Output the data unchanged and complete, minus the images.

__Data excerpt__

-- Opening Marker --

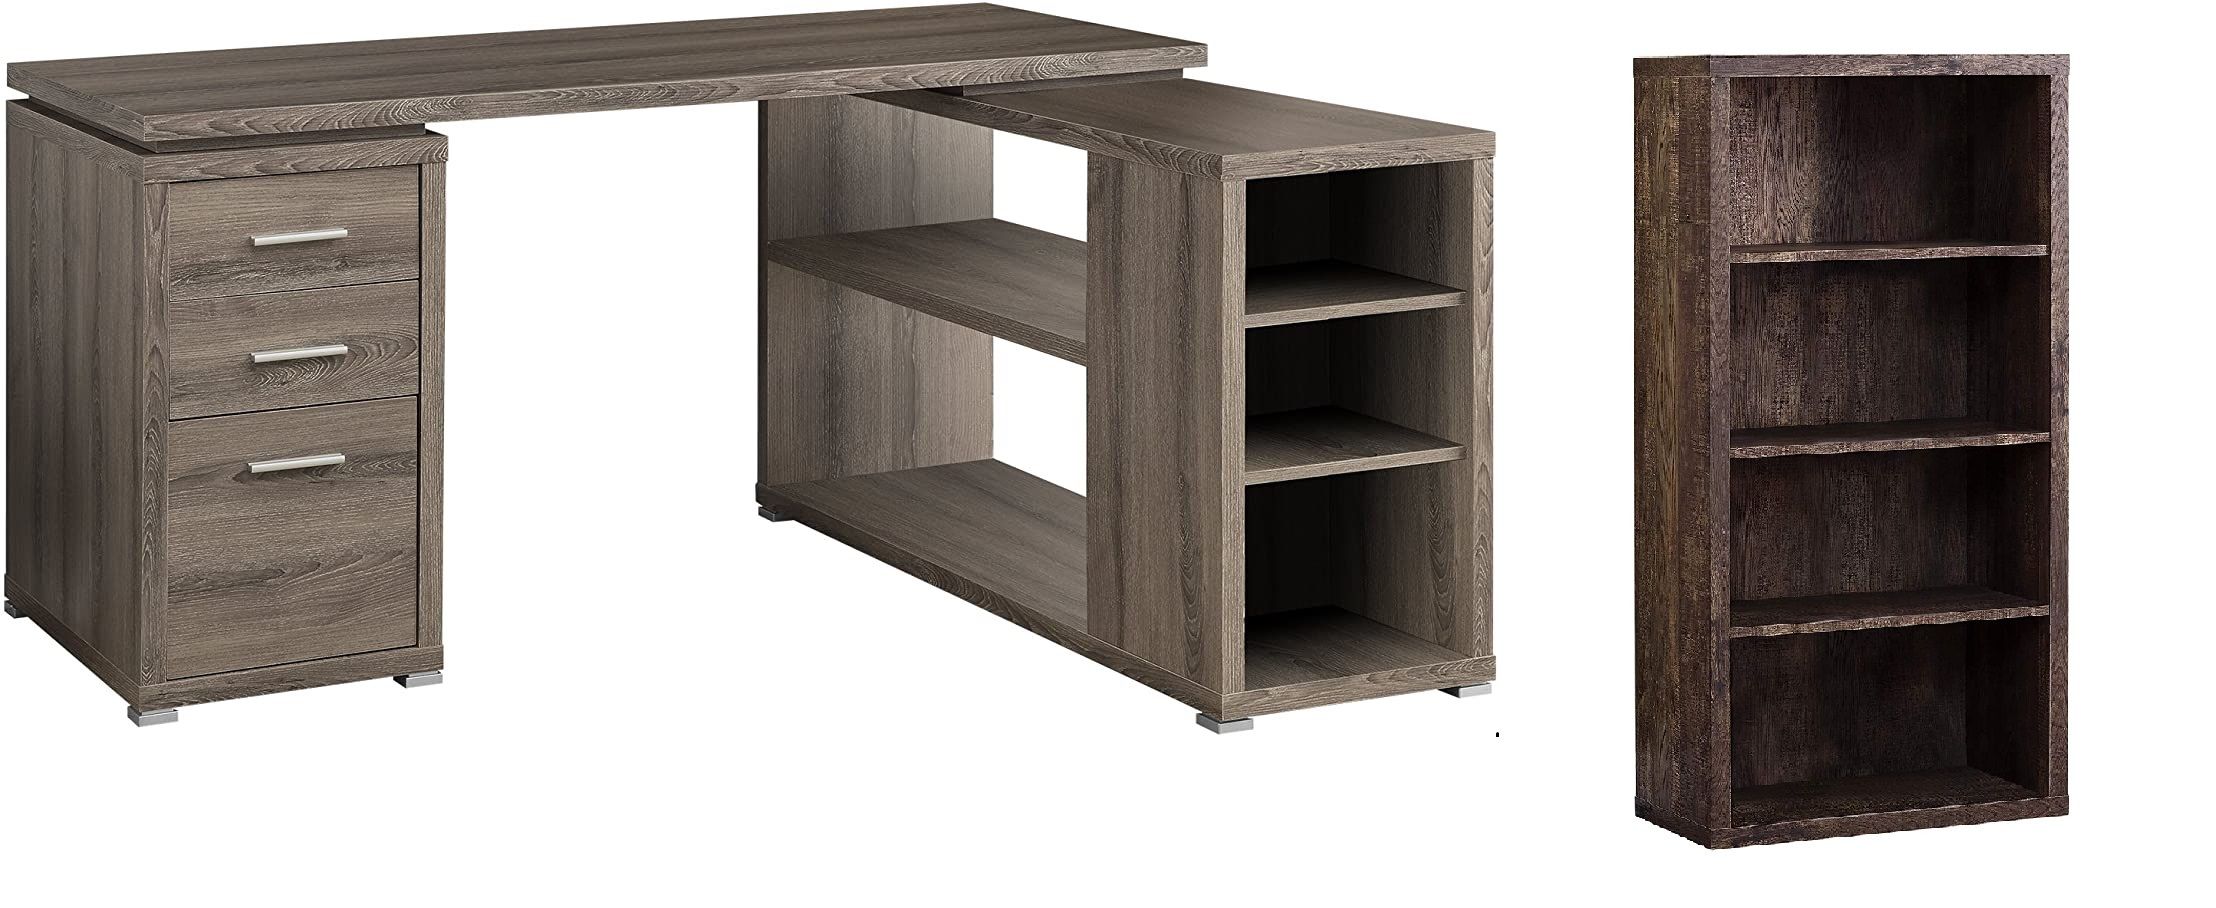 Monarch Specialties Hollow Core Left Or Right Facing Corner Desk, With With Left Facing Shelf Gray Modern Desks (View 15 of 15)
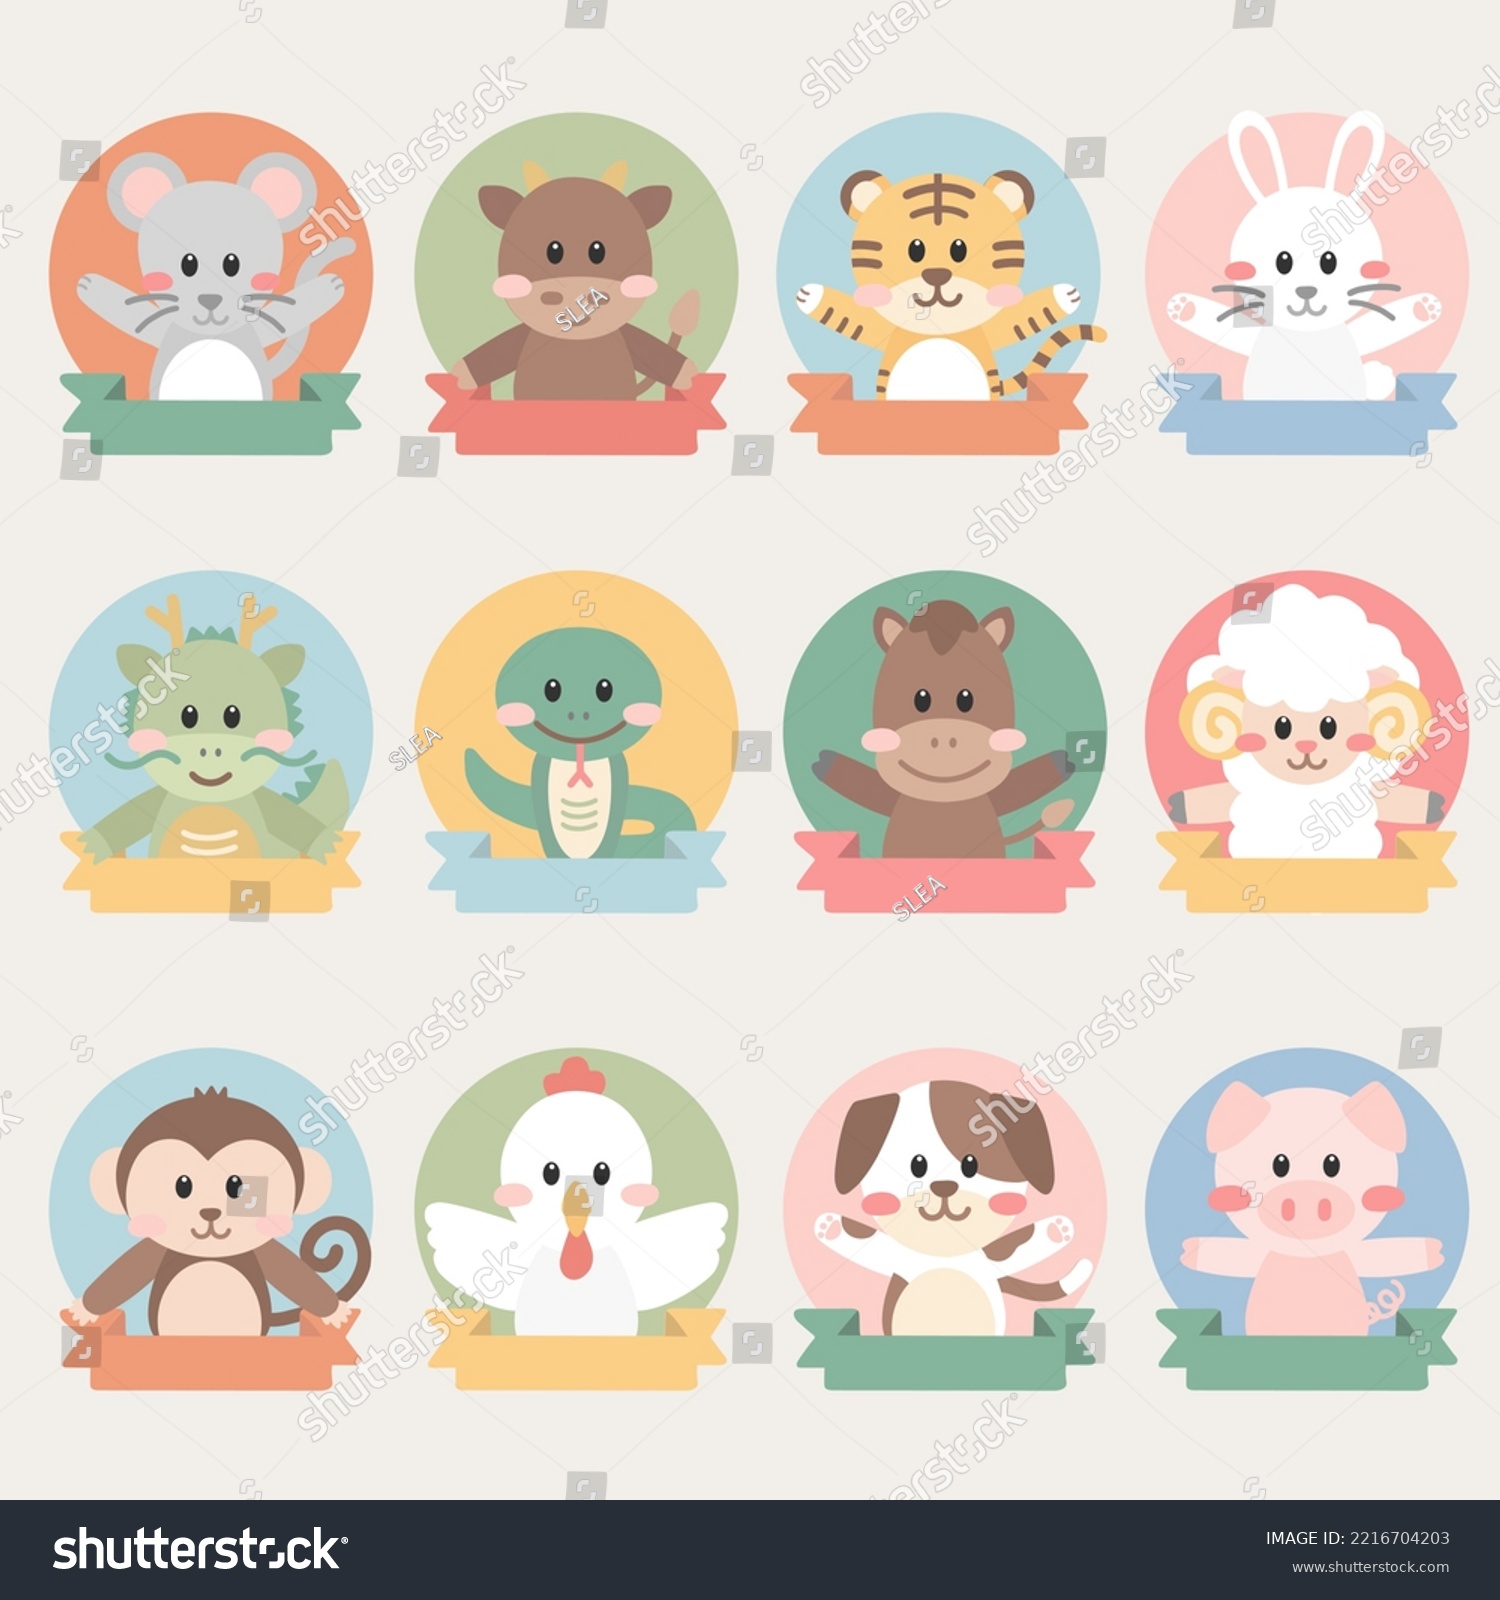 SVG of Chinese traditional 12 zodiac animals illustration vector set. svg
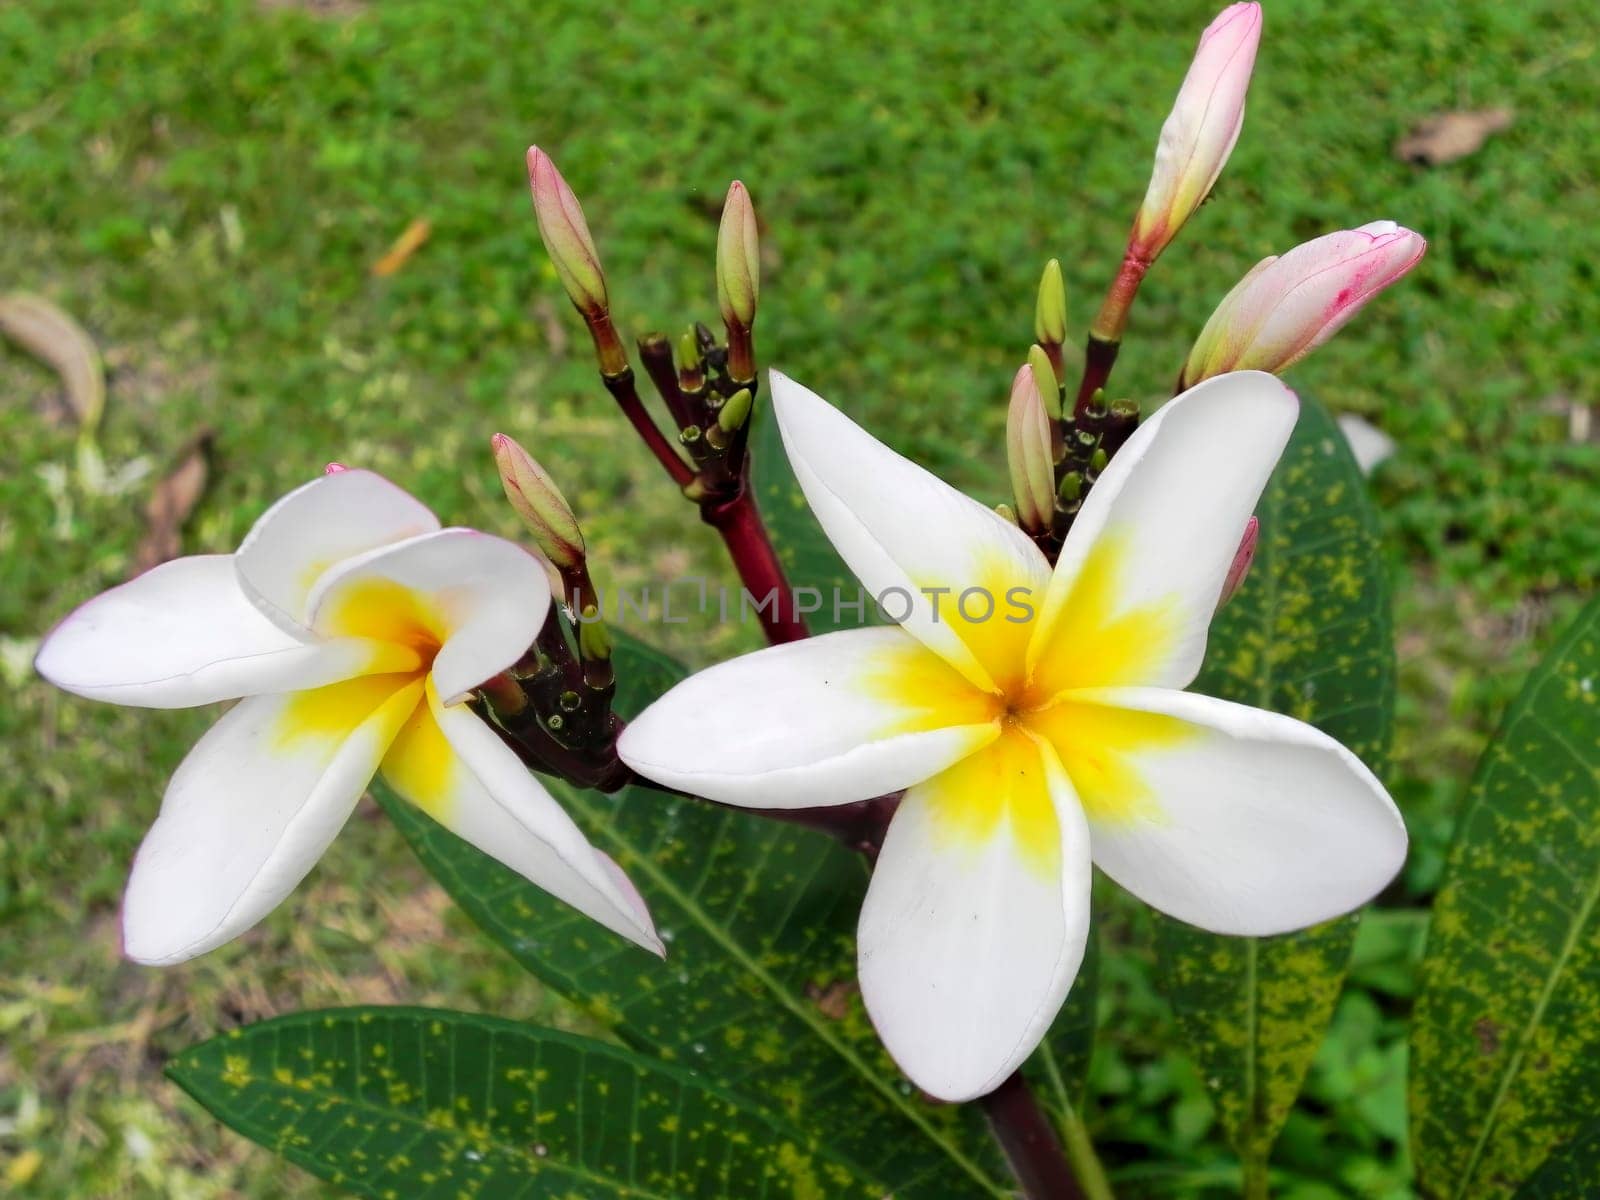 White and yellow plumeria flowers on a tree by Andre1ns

-- Closing Marker --

__Answer section__
 Monarch Specialties Hollow Core Left Or Right Facing Corner Desk, With With Left Facing Shelf Gray Modern Desks (View 15 of 15)
 SVG of Chinese traditional 12 zodiac animals illustration vector set. svg
 White and yellow plumeria flowers on a tree by Andre1ns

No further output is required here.